Earlier this week, the Court of Appeals of Maryland discussed “seaman status,” and the distinction between seaman and land-based maritime workers. The inquiry arose in the context of a state court negligence action. The injured worker was diagnosed with silicosis, and eventually died from his illness. But was the decedent a seaman? The court’s introduction succinctly answered the seaman status question:
Maritime law has long recognized the “special hazards and disadvantages to which they who go down to sea in ships are subjected,” especially exposure to “the perils of the sea … with little opportunity to avoid those dangers or to discover and protect themselves from them.” When maritime workers at sea suffer sickness or injury, they are entirely at the mercy of their employer, and it is often said that they are “wards of admiralty.” Federal law provides certain rights and protections to compensate for those risks. One such measure is the Jones Act, 46 U.S.C. § 30104, which provides a seaman with a cause of action against the seaman’s employer for injuries incurred within the scope of employment.
Who is a “seaman”? This is a recurring question in the case law under the Jones Act. The Supreme Court offered guidance in three decisions in the 1990s, but subsequent lower court decisions have resulted in a tempest of varying, and often conflicting, interpretations. Although as a state court we do not speak authoritatively on this issue, it is our task in this case to discern what we can from these decisions.
In the complaint under the Jones Act that commenced this case, William S. Dize alleged that he was injured as a result of the negligence by his employer, Respondent Association of Maryland Pilots (the “Association”). Whether that claim was properly made under the Jones Act depends on whether Mr. Dize was a “seaman” at the time of the alleged negligence. To distinguish seamen from land-based workers, the Supreme Court has adopted a “rule of thumb” that a seaman must ordinarily have spent at least 30 percent of work time in service of a vessel in navigation. We hold, consistent with the purpose of the Jones Act and guidance of the Supreme Court, that the time Mr. Dize spent maintaining vessels that were dockside or ashore is not to be considered and, accordingly, that the lower courts correctly concluded that he was not a seaman.

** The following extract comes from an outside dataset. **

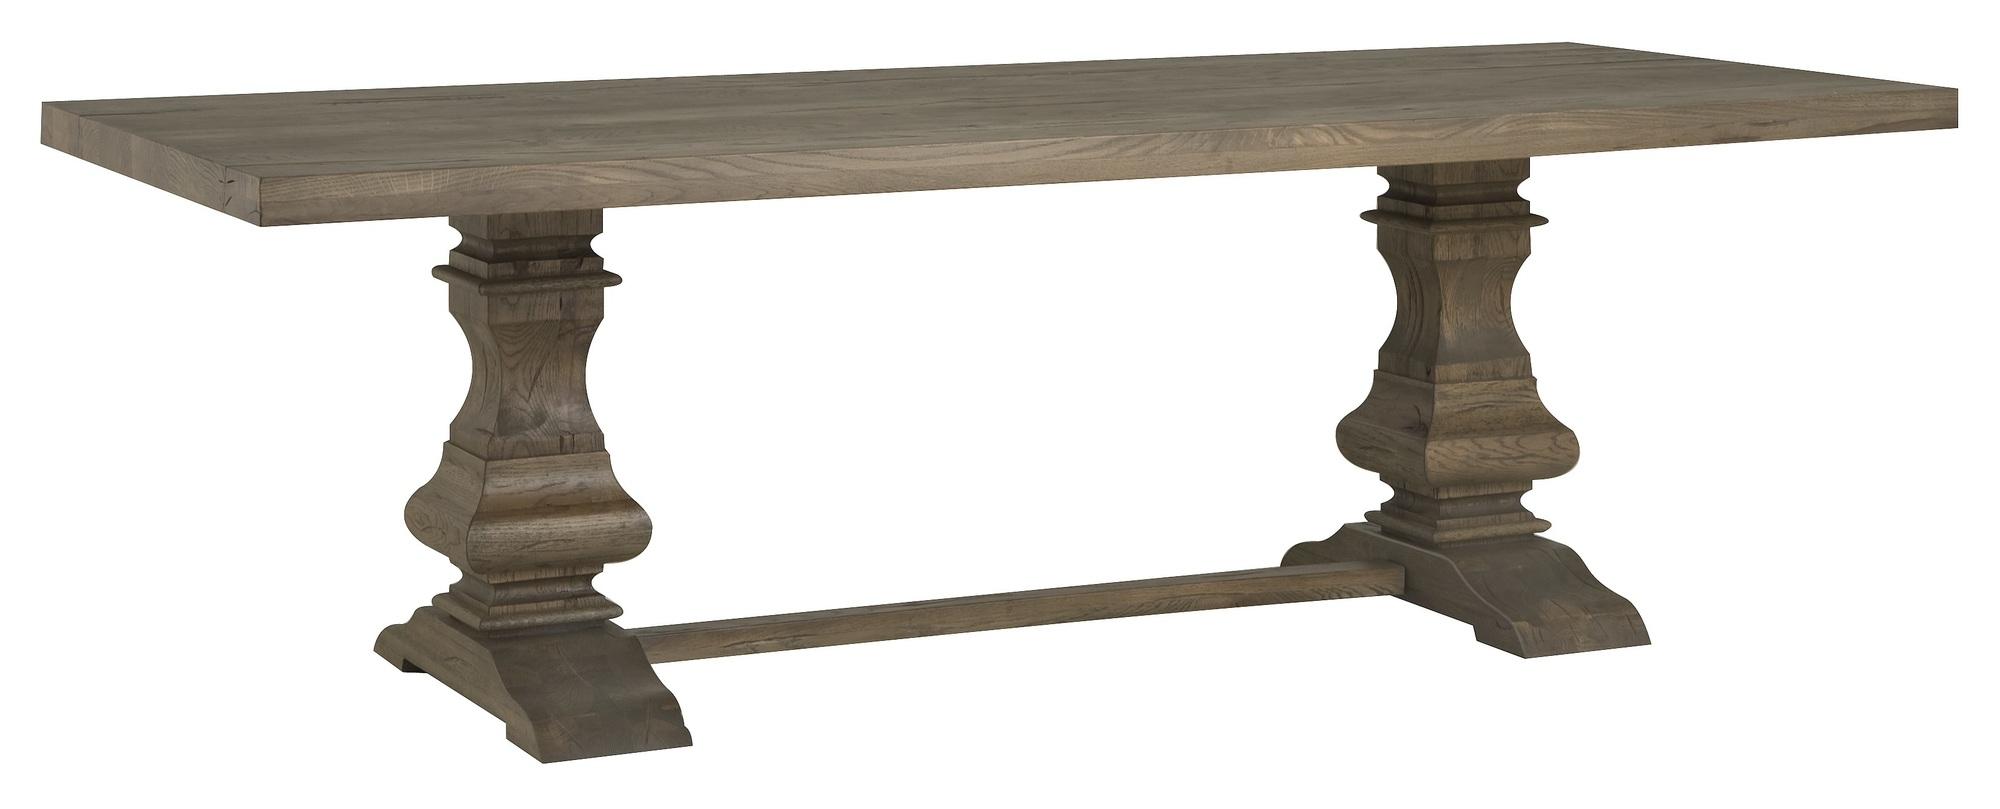 tafel-stijn-towerliving-BM 1060-kloostertafel

The work duties that did not count towards the 30% threshold included the following:
Mr. Dize’s time spent maintaining the Association’s vessels while they were docked or onshore at the Solomons Island Transfer Station (as well as his time spent performing upkeep of the station property) does not count toward the 30 percent threshold for the same reasons. As in the cases cited above, these duties—performing overhauls and refits of vessels; painting; sanding; changing propellers, rotors, shafts, and rub rails; replacing zinc anodes; cleaning the boat interiors; and fueling—did not subject him to the “caprices of open water,” and, in the case of an emergency, “onshore assistance was never far away.” During his commission of this work, there would never be a “need to abandon ship” or “survive exposure to the elements until help arrives.” His proximity to shore meant that there was no danger of unusual “delay or inconvenience in being transported to medical attention for injuries.” This work plainly did not subject Mr. Dize to the perils of the sea, and therefore did not comprise sea-based activities that should have been counted in the Circuit Court’s duration analysis.